While data modernisation projects offer numerous advantages to a business by enabling greater access to data insights that can drive business benefits, they are still fraught with development issues. Any solution that ingests vast amounts of that data needs to be architected and developed correctly, otherwise they will struggle to deliver value. A primary challenge in building a Data Lake is being able to ingest the data required in a timely and cost-effective manner. Equally, new and evolving requirements around data privacy and the protection of Personally Identifying Information (PII) data, drives the need for a robust process to handle data and ensure that appropriate measures are applied consistently, particularly as the data sources expand. Taking a brute force approach to bringing data into a lake may lead to ballooning costs and could lead to ongoing development issues that will be difficult to rectify.
This paper highlights the data modernisation journey of a leading personal lines insurer and the differentiated approach adopted that helped in minimising the amount of coding in building a cloud hosted Data Lake; while ensuring that all the relevant security, auditing and privacy requirements were robustly managed.
Ageas UK is one of the largest general insurers in the United Kingdom, providing insurance to over five million customers. It offers car, home, pet, and small business insurance through brokers, affinity partners and its own brands.
Insurance, in a way, has always been data driven so it is somewhat of a surprise when you consider it is not one of the first sectors to really embrace data modernisation to its full potential. There can be a general lack of purpose to large amounts of data generated and therefore a large amount of value can be left on the table.
Ageas UK identified this opportunity and initiated a significant data modernisation programme to unlock the full potential of its data. Ageas UK understood that by proactively driving the transformation to become a modern, data driven organisation, it could deliver on new opportunities and innovation, whilst meeting the expectations of its customers and regulators.
A centralised data function was created, and it set about realising the benefits offered by ‘doing more’ with its data. The first step of this transformation centred on the implementation of a Data Lake, bringing together a volume and variety of data that had never been seen before by Ageas UK, and making it available to the business, which in turn unlocked new insights and analysis.
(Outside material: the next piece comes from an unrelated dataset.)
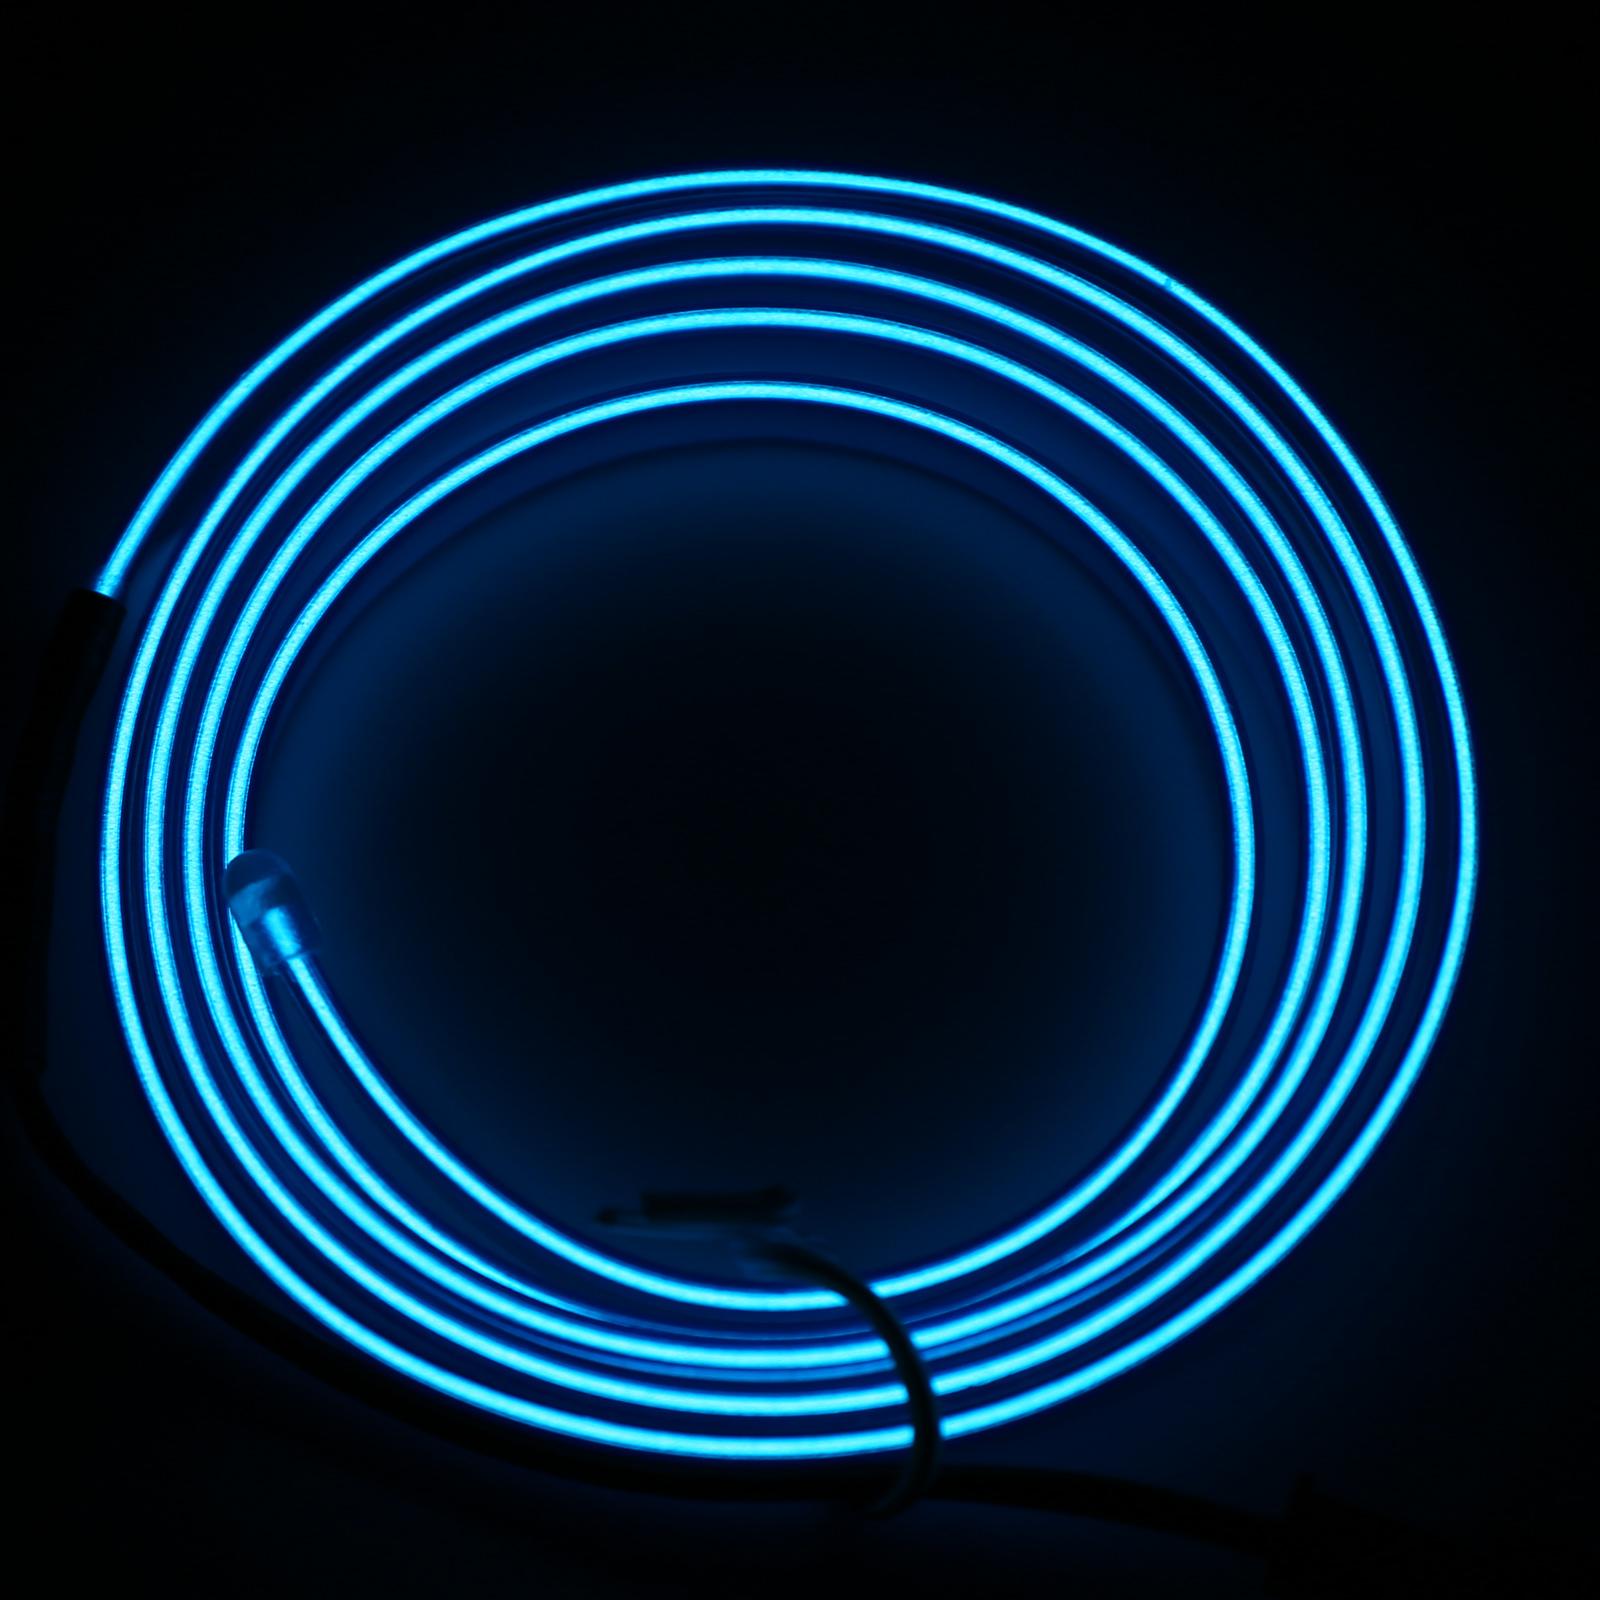 2M Blau EL Neon Kabel Lichtschnur Leuchtschnur Leuchtdraht Wire ...
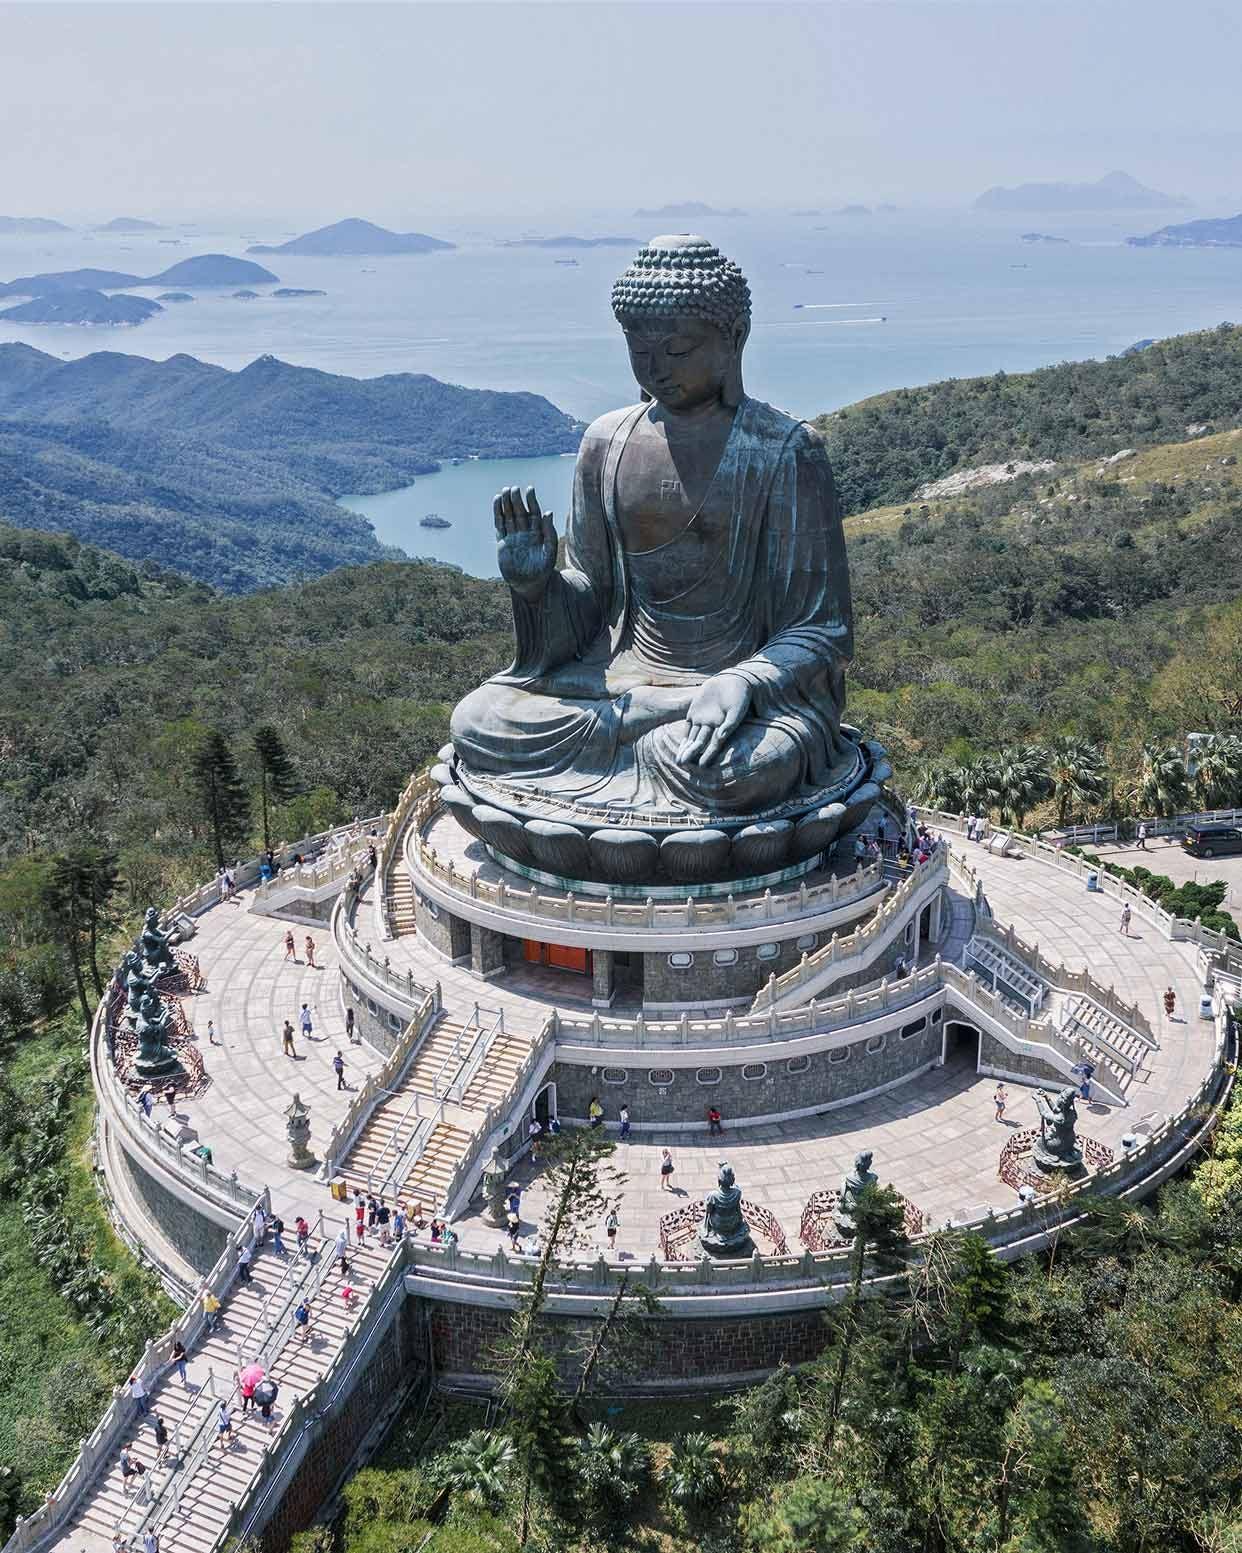 Tin Tan Buddha (Big Buddha) & South China Sea from Ngong Ping Piazza

Ageas UK collaborated with EXL to embark on this journey to enable and deliver modern data platforms while working towards delivering an industry-leading data organisation that is future-proof and provides relevant opportunities to unlock value and insights.
What were the benefits of building a Data Lake?
As business data (both structured and unstructured) grows at unprecedented rates and access to this data is crucial to unlock analytical use cases, building a Data Lake is considered a foundation of a modern data program. The benefits of building a Data Lake included:
- The ability to combine structured data from a variety of sources such as CRM systems, social media analytics, buying history from operational systems, customer profiling data and web analytics from digital platforms. These can provide an enhanced understanding of customers, operations and performance.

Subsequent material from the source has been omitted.